| Source material |
==========
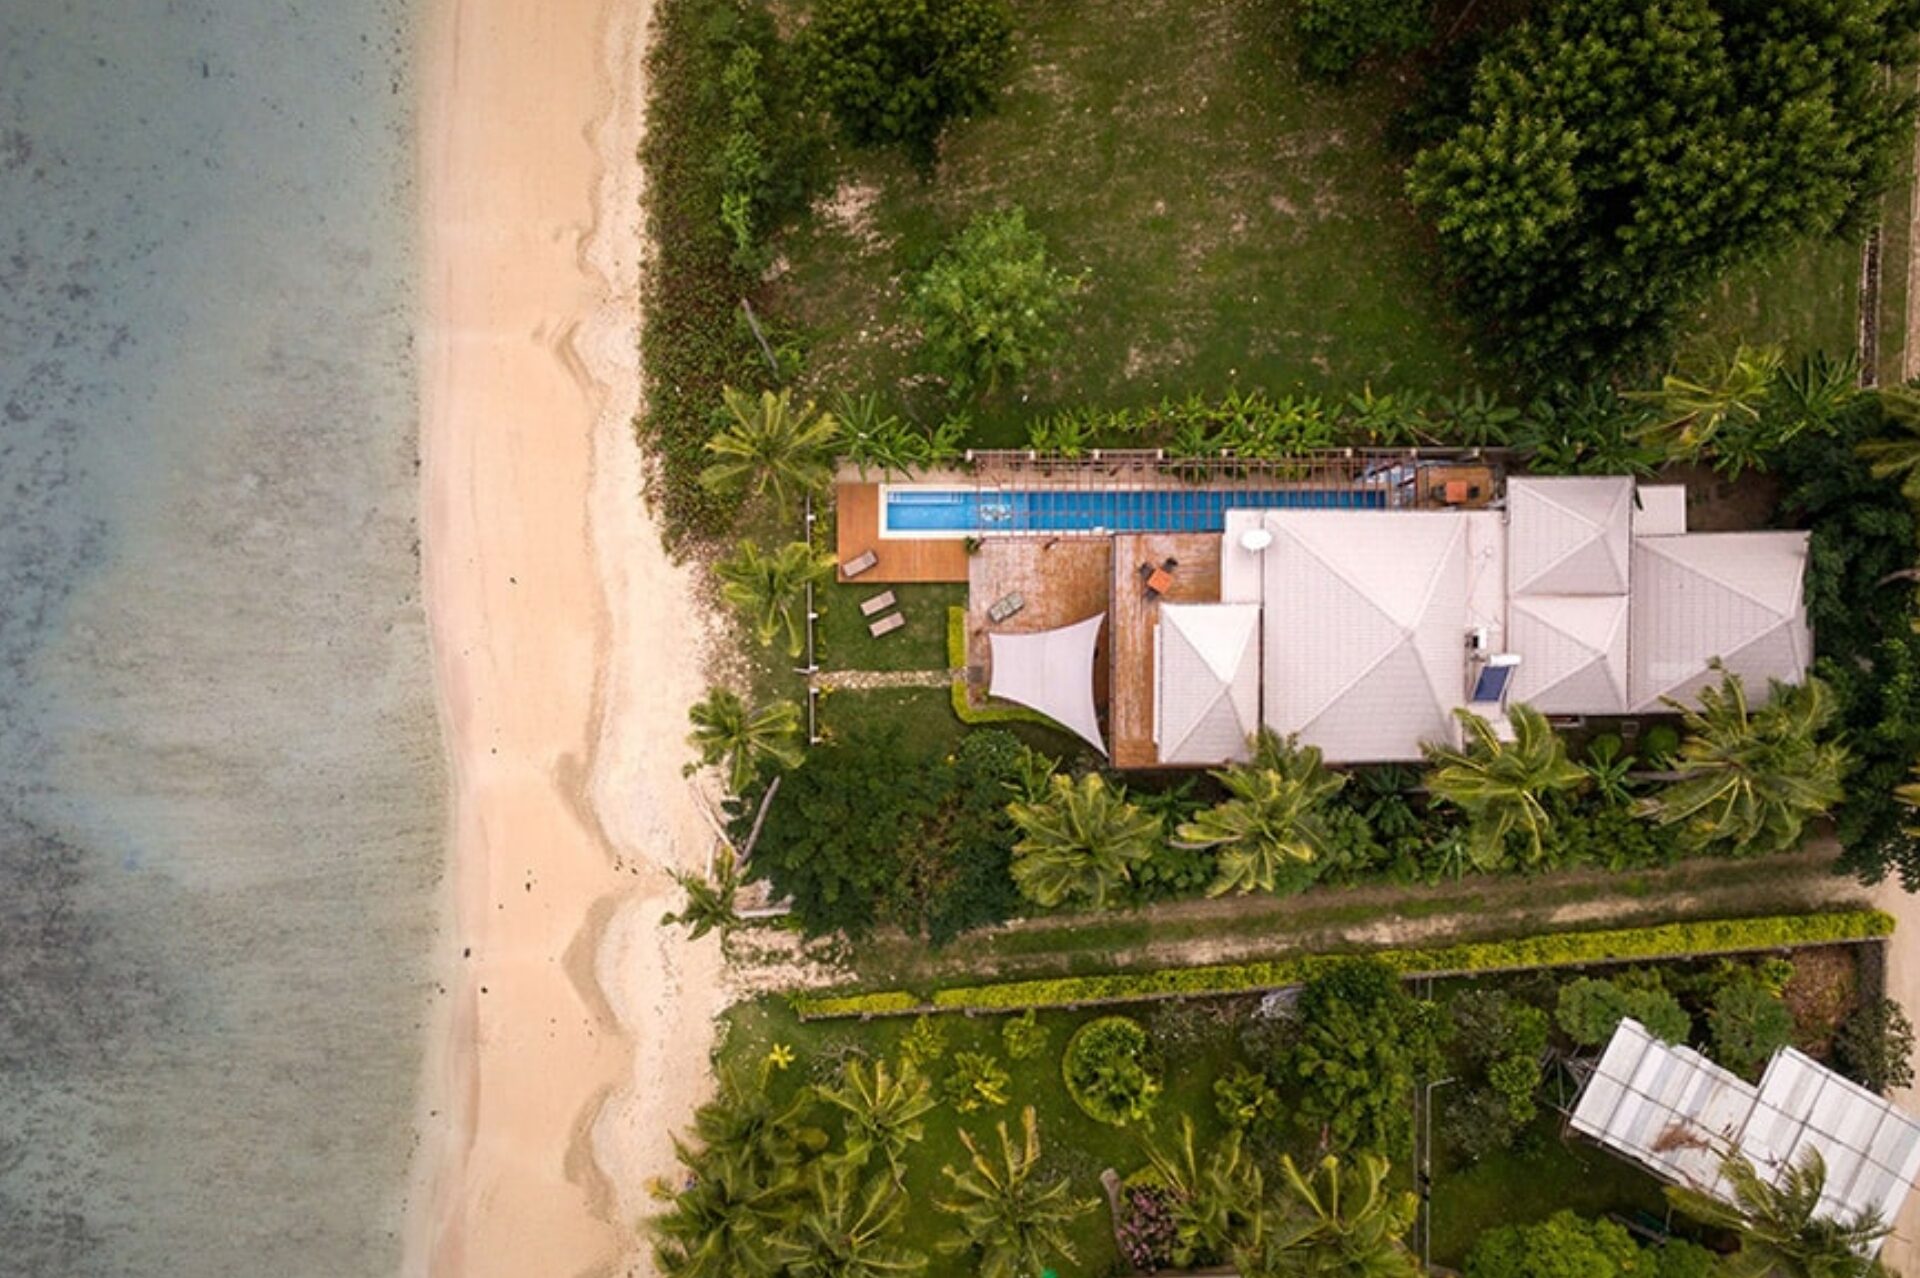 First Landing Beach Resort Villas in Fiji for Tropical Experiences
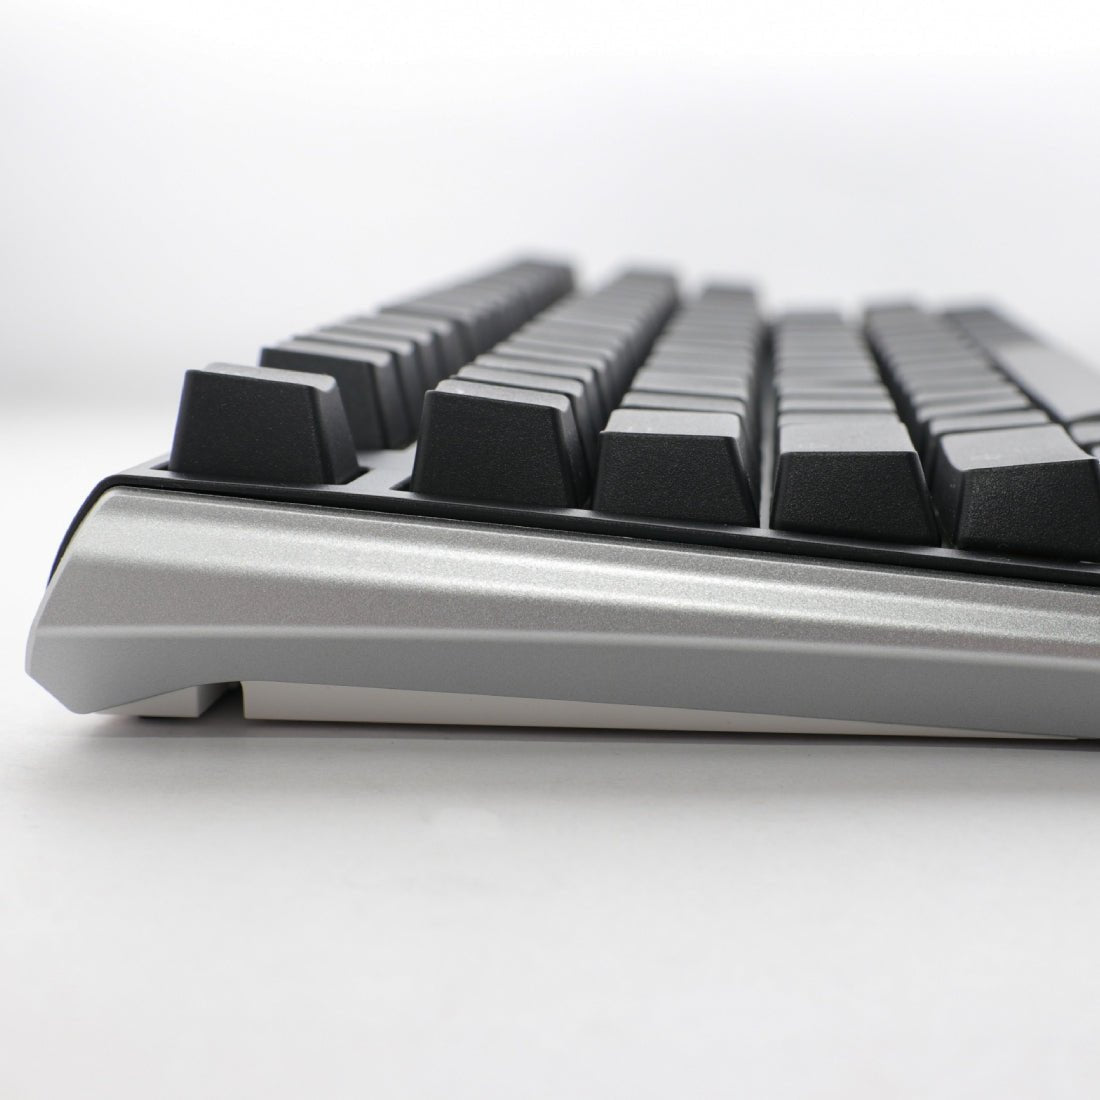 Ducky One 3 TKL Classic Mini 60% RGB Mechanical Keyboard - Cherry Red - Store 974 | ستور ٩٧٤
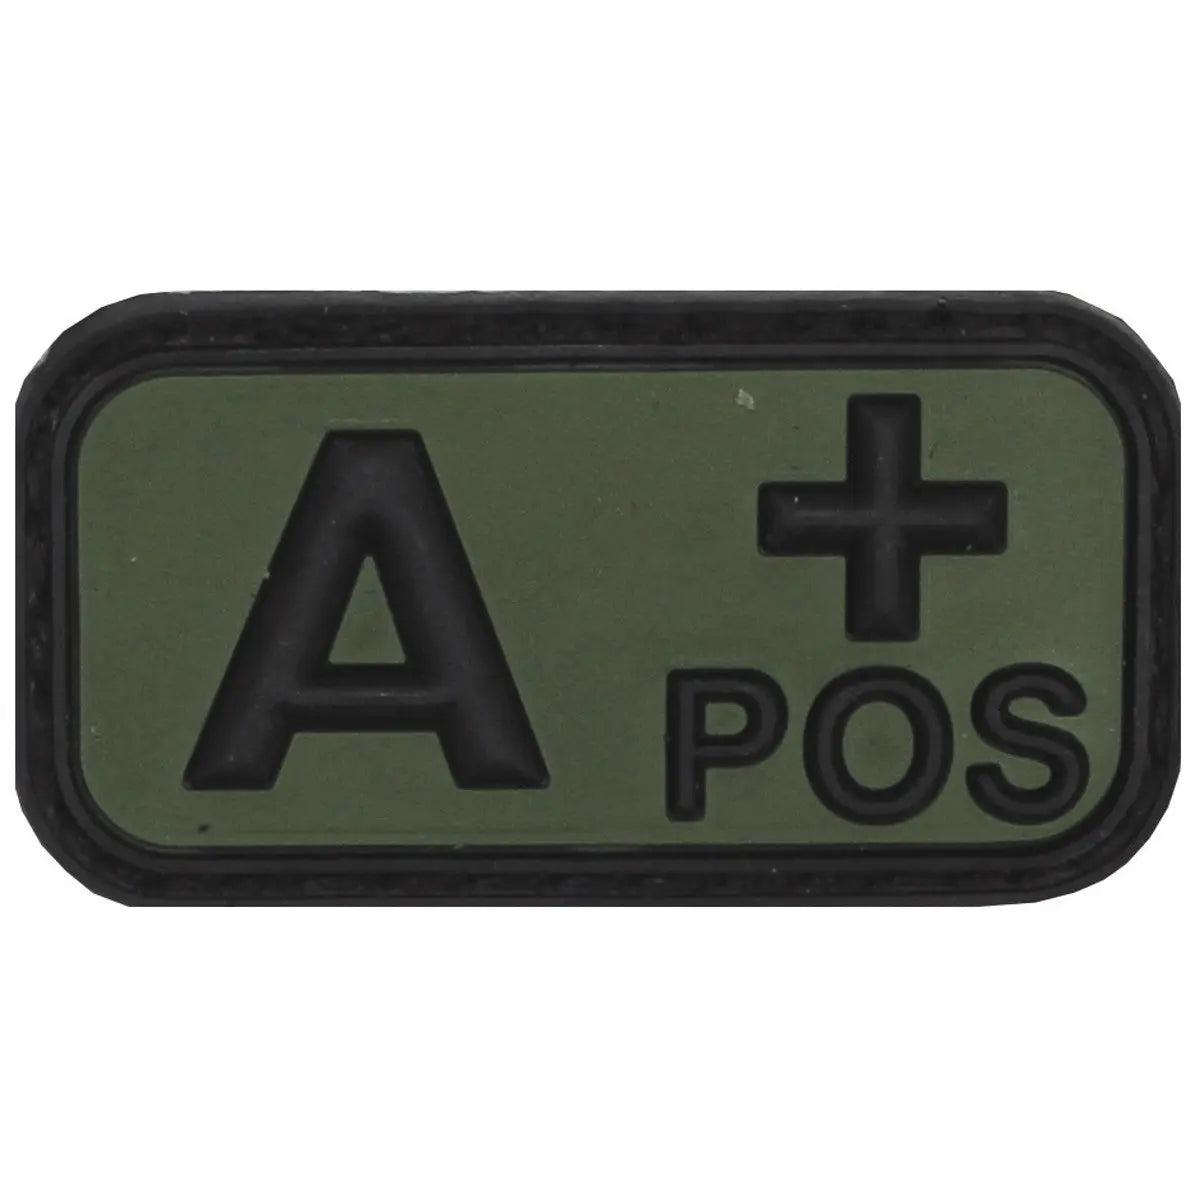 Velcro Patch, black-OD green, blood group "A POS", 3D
==========
| Work instruction |
In full and without change, repeat the material above, minus the pictures.

| Answer box |
 First Landing Beach Resort Villas in Fiji for Tropical Experiences
 Ducky One 3 TKL Classic Mini 60% RGB Mechanical Keyboard - Cherry Red - Store 974 | ستور ٩٧٤
 Velcro Patch, black-OD green, blood group "A POS", 3D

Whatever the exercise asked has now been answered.